Automatically watch for errors in our infrastructure logs #2693

yuvipanda · 2021-09-03T11:54:28Z

https://cloud.google.com/error-reporting can help us watch for exceptions in various parts of our infrastructure (like hub, notebook users, etc). We can stop relying 100% on user reports for noticing errors this way.

yuvipanda · 2021-09-03T11:56:02Z

It's already set up actually! https://console.cloud.google.com/errors

yuvipanda · 2021-09-03T11:58:11Z

I don't see the 503s from hub pods there though.

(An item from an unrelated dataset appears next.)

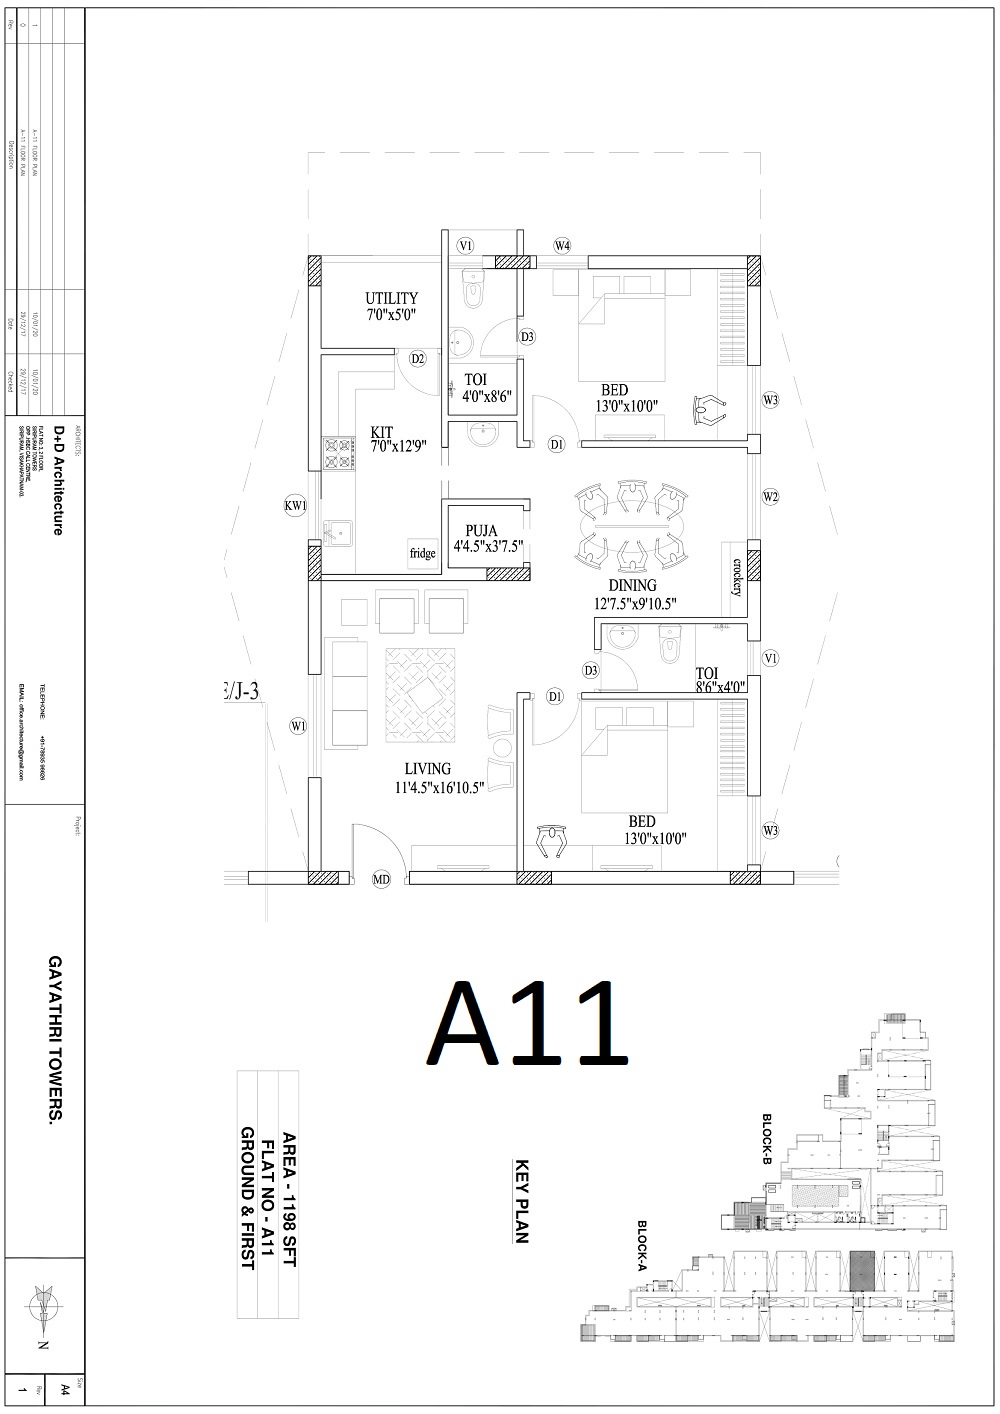 A11 - Floor Plan
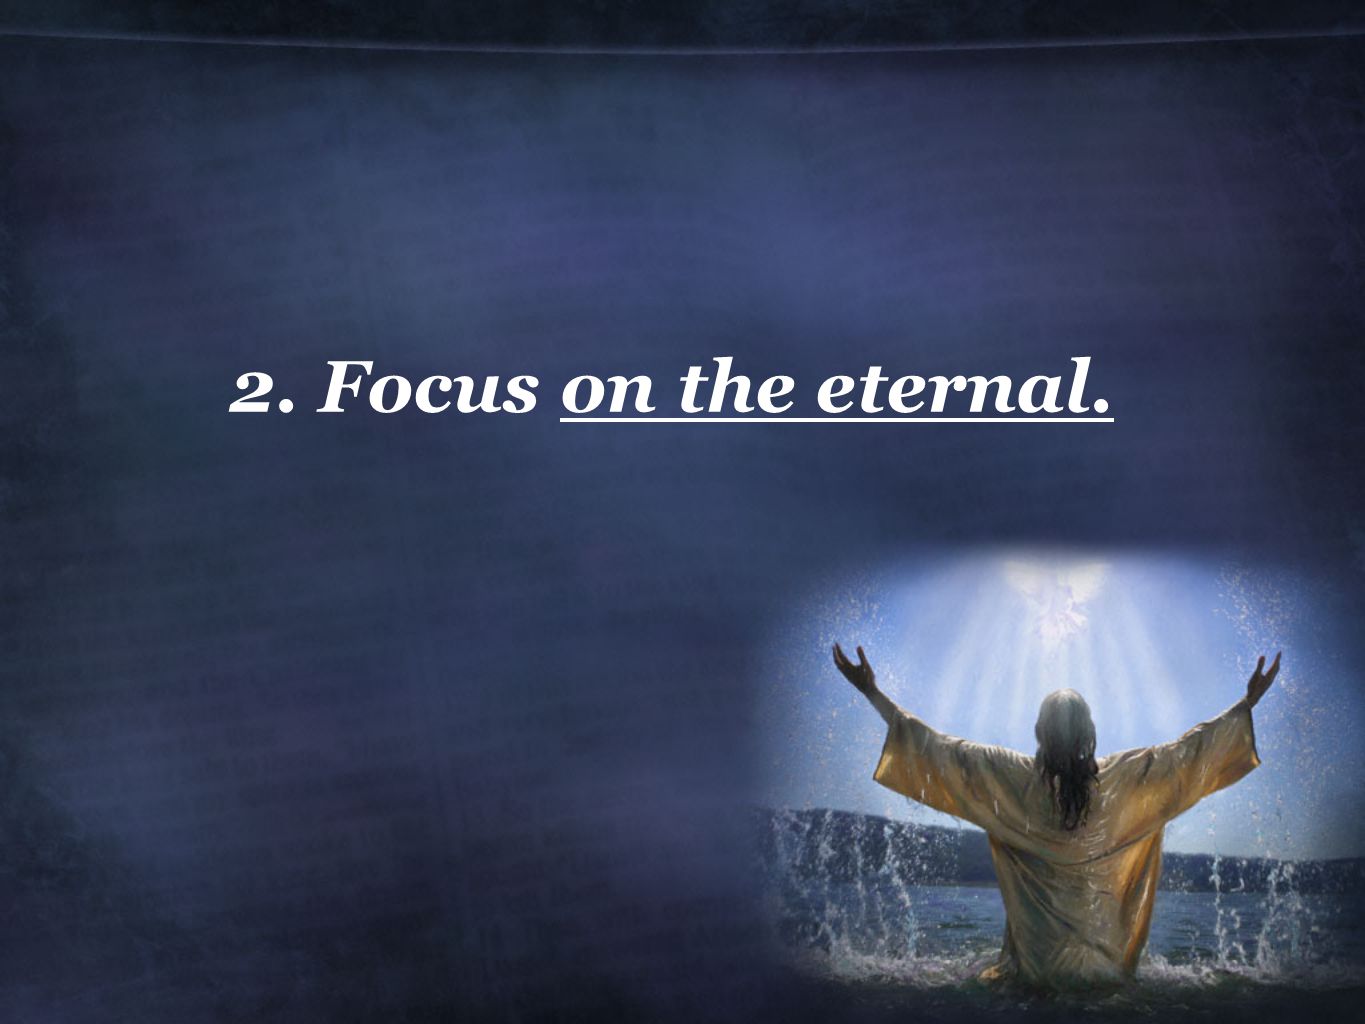 2. Focus on the eternal.

balajialg · 2021-09-07T18:56:39Z

@yuvipanda This is an awesome improvement! I have the following questions/suggestions,

Is there a way to configure this reporting to provide custom messages about the hub that faces the issue? I would like us to get to a stage where anyone in our team can monitor these reports reliably and can send outreach to the teaching team when there is an outage in a specific service/hub.
Can we set up a daily monitoring report from this console that highlights the sanity of the varied hubs/services and reports outages if there are any?
I see information like "Readiness probe failed: Get "http://10.56.5.24:8081/hub/health": context deadline exceeded (Client. Timeout exceeded while awaiting headers)". I suppose that this is not a blocker as we didn't get any issues from our users. However, How do we differentiate these error messages with messages for blockers like 404, 403, etc. I would appreciate it If you could help me parse the difference!

balajialg · 2021-09-08T18:45:54Z

#2601

yuvipanda · 2021-09-09T13:35:40Z

Yeah, I think a lot of the errors here are false positives, and it's not catching most actual errors. A deep dive here is needed to understand this product, see if it's actually helpful to us, and how we can use it. I have never seen that page until I opened this issue, so I don't know much about it yet.

@felder do you think this is something you might be able to tackle?

felder · 2021-09-09T20:15:28Z

@yuvipanda yeah I can take a crack at it

felder · 2021-09-20T22:21:01Z

@yuvipanda glancing at the documentation for the google error handling service, it appears that to get application level errors we would require code changes to send the data to the error reporting service or to call the API.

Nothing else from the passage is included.